• Input data:
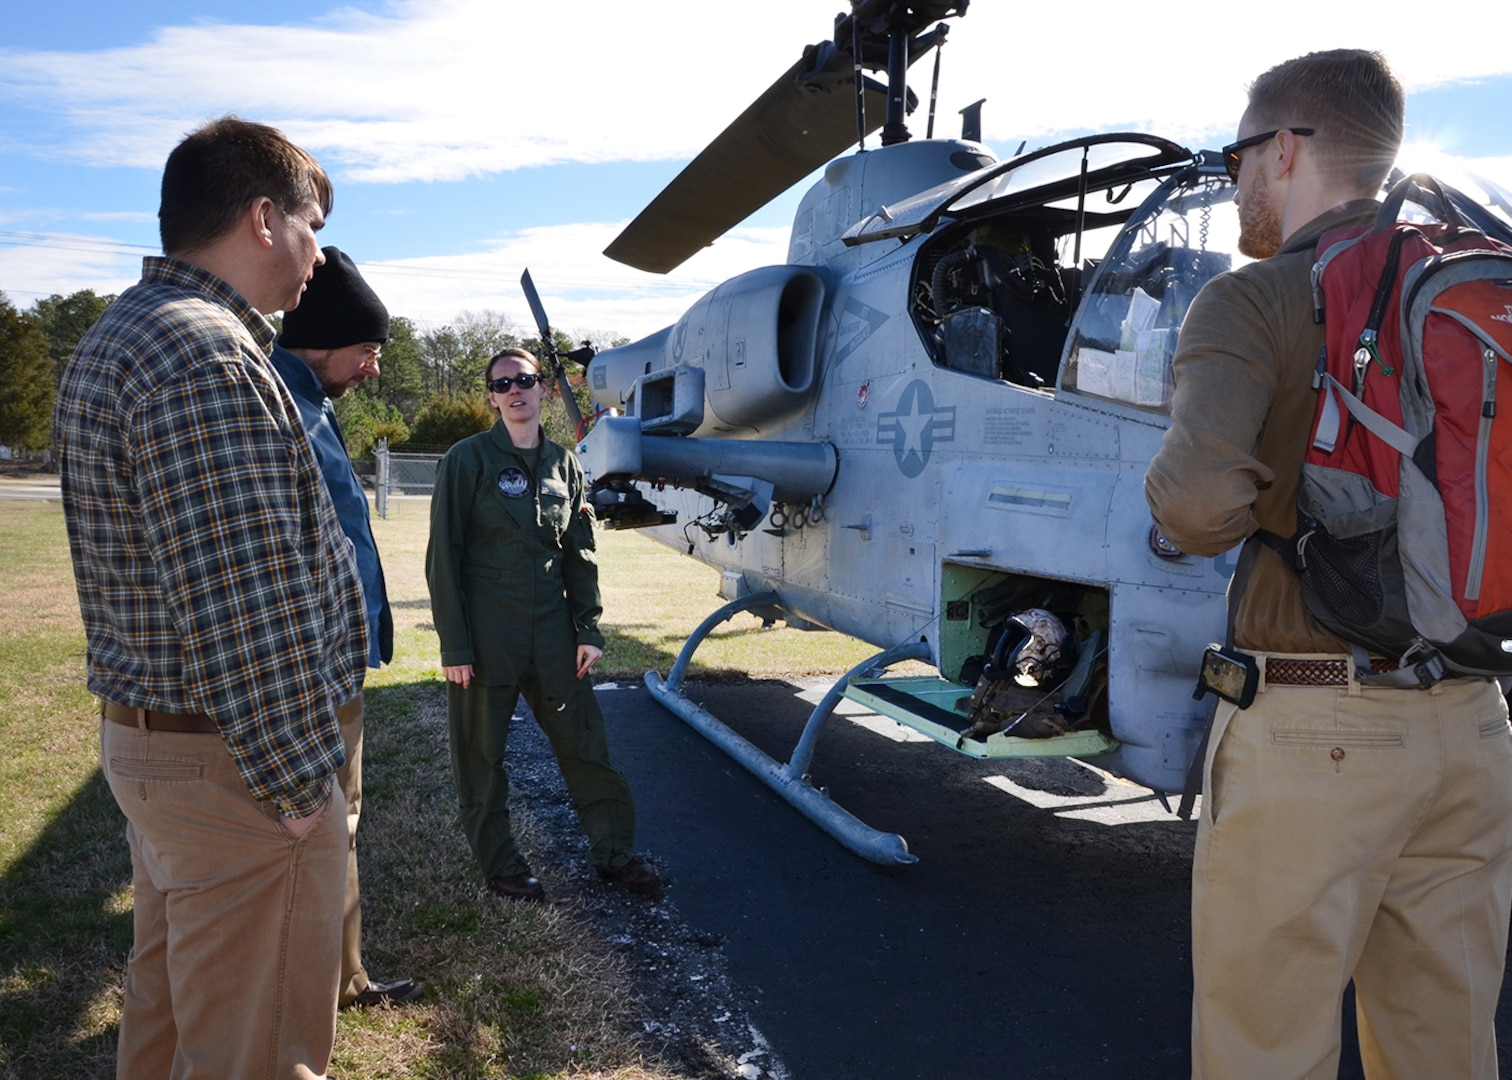 Marine Corps Capt. Pamela Whalen speaks with members of the Defense Logistics Agency Aviation team during a meet and greet March 8, 2017 at Defense Supply Center Richmond, Virginia. Whalen was a member of the flight crew for the AH-1W Cobra helicopter. (Photo by Jackie Roberts)
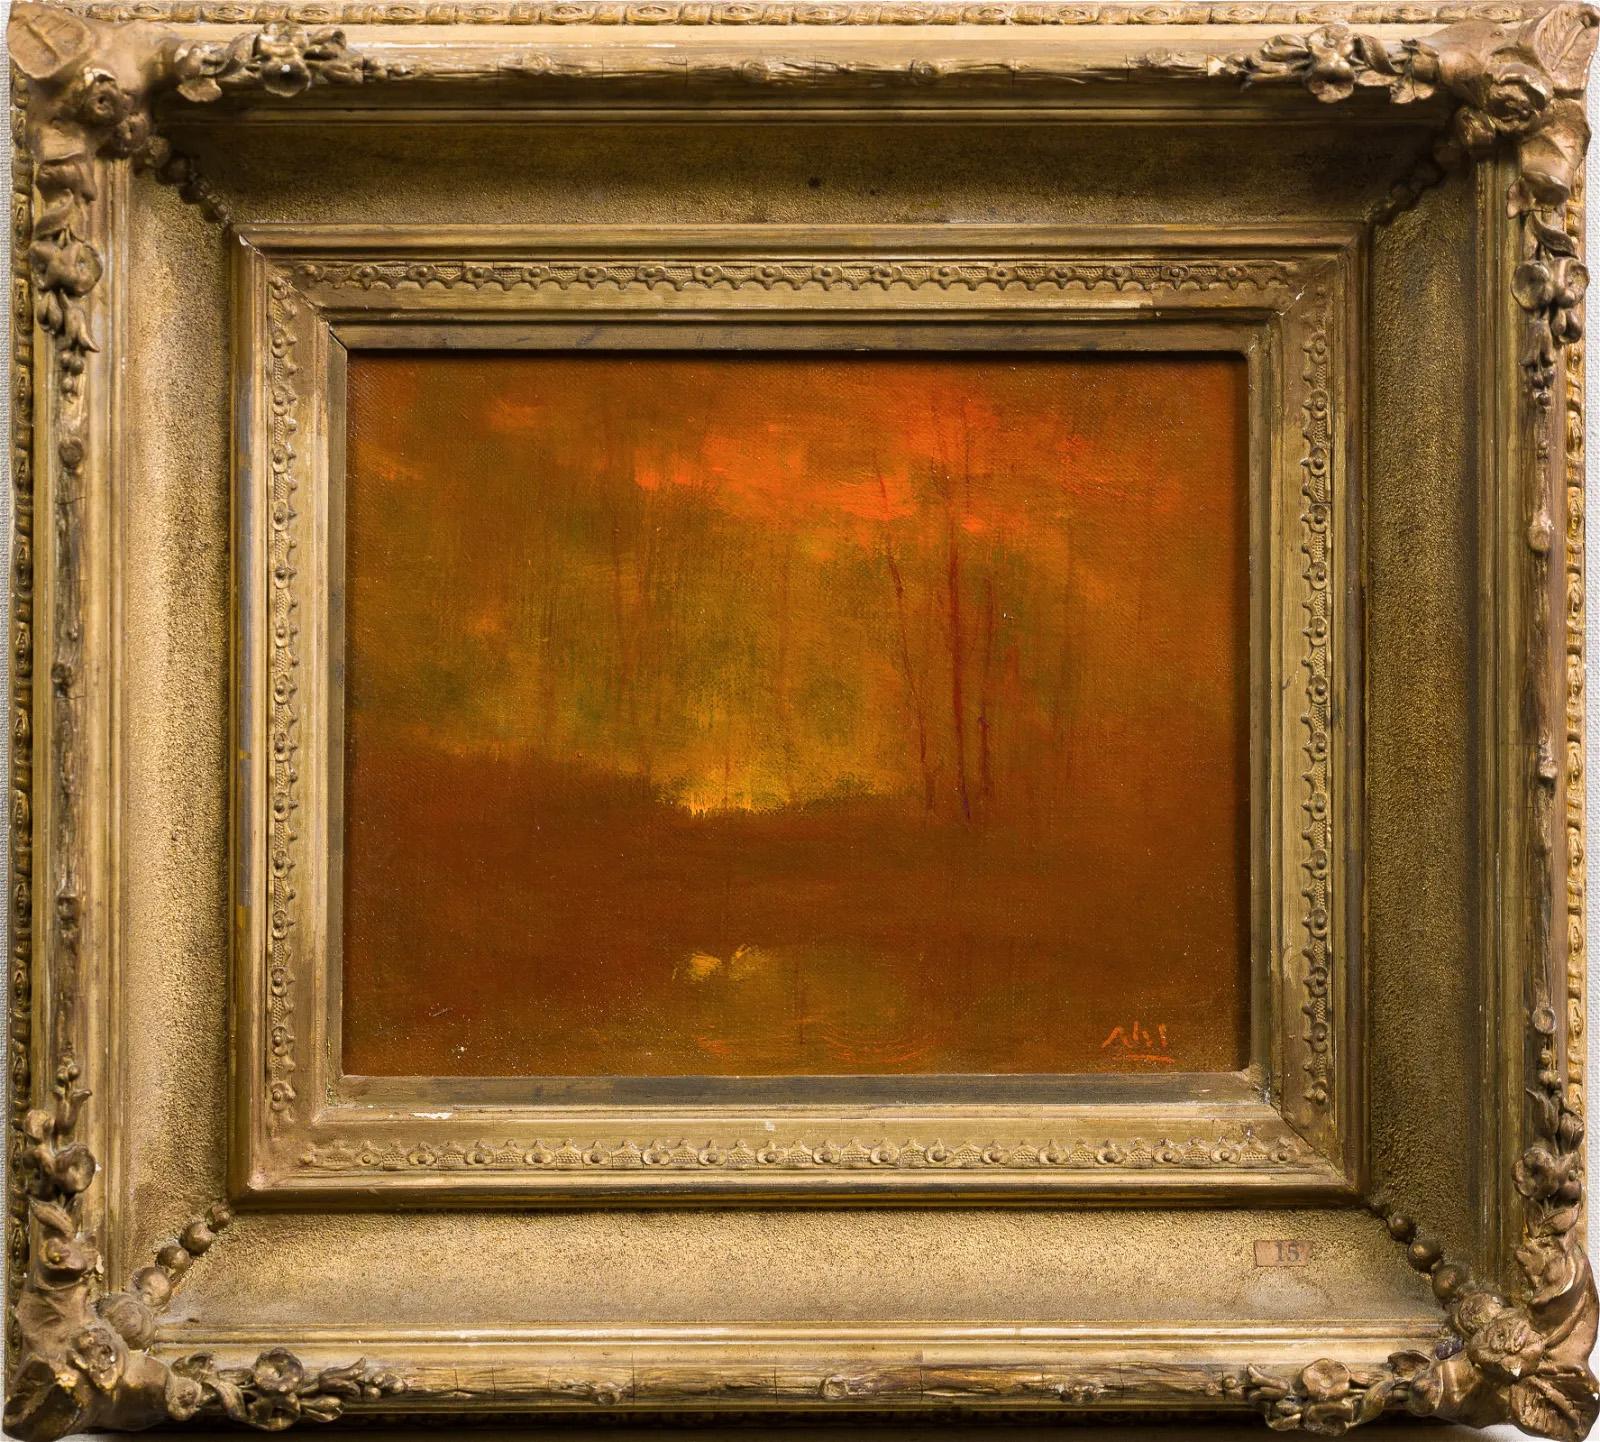 Henry Hammond Ahl  Landscape Painting - Evening Poetry Antique American Tonalist Sunset Exhibited Landscape Oil Painting
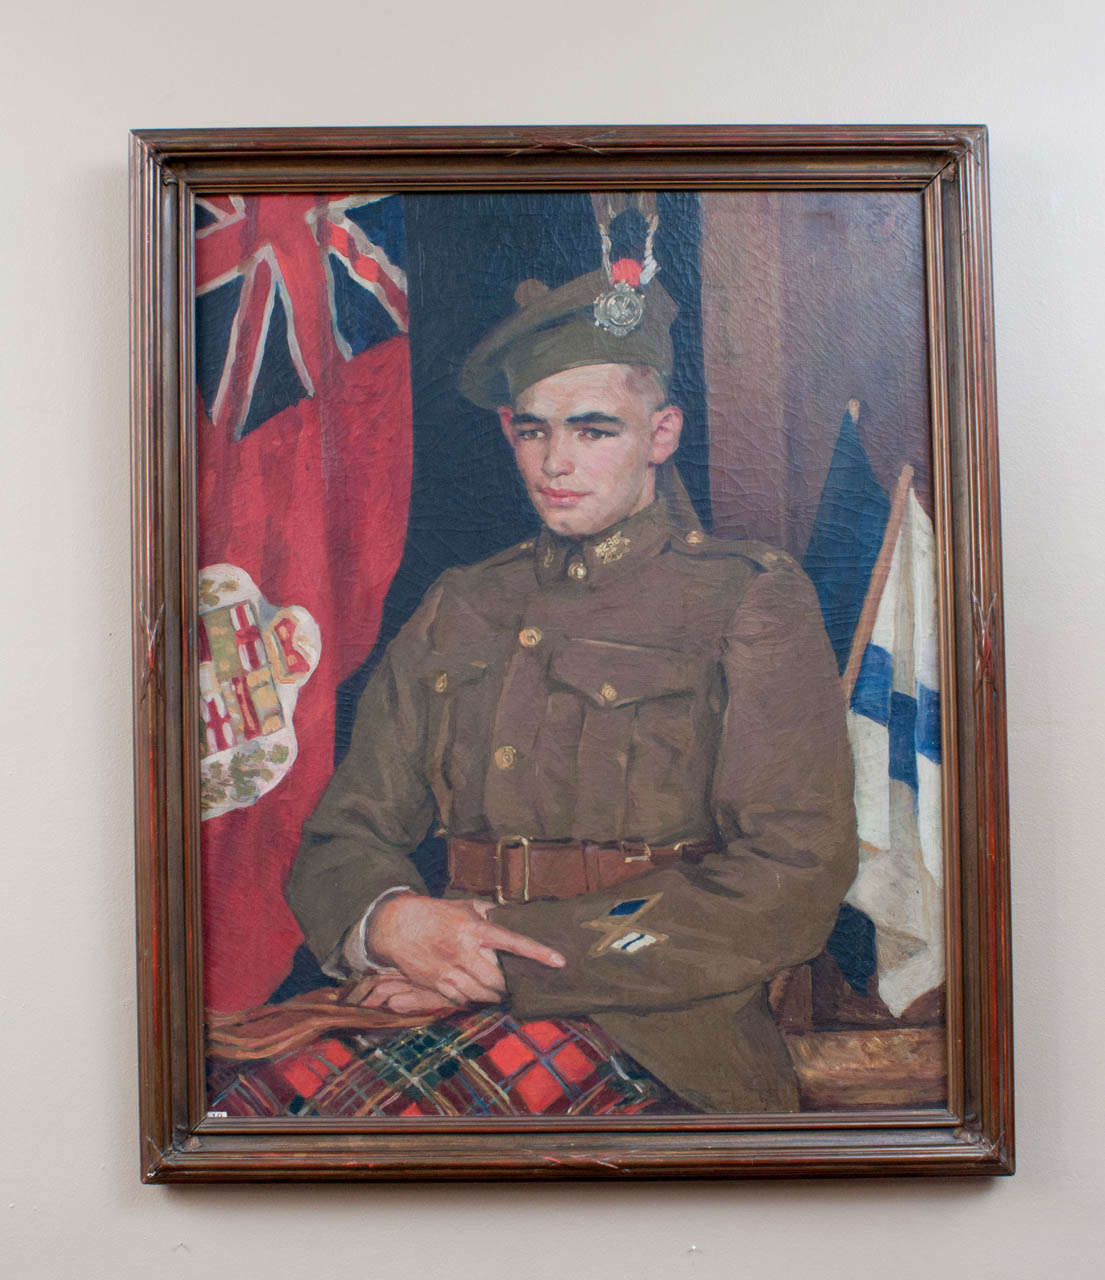 This wonderful portrait of a young man in New Brunswick Kilties uniform during World War I is both great art and an important historical artifact. Painted by Eben Farrington Comins (1875–1949), it was exhibited at the winter show of the National

• Your instructions: Excluding pictures, reproduce the listing above exactly as it stands.

• Written reply:
 Marine Corps Capt. Pamela Whalen speaks with members of the Defense Logistics Agency Aviation team during a meet and greet March 8, 2017 at Defense Supply Center Richmond, Virginia. Whalen was a member of the flight crew for the AH-1W Cobra helicopter. (Photo by Jackie Roberts)
 Henry Hammond Ahl  Landscape Painting - Evening Poetry Antique American Tonalist Sunset Exhibited Landscape Oil Painting
 This wonderful portrait of a young man in New Brunswick Kilties uniform during World War I is both great art and an important historical artifact. Painted by Eben Farrington Comins (1875–1949), it was exhibited at the winter show of the National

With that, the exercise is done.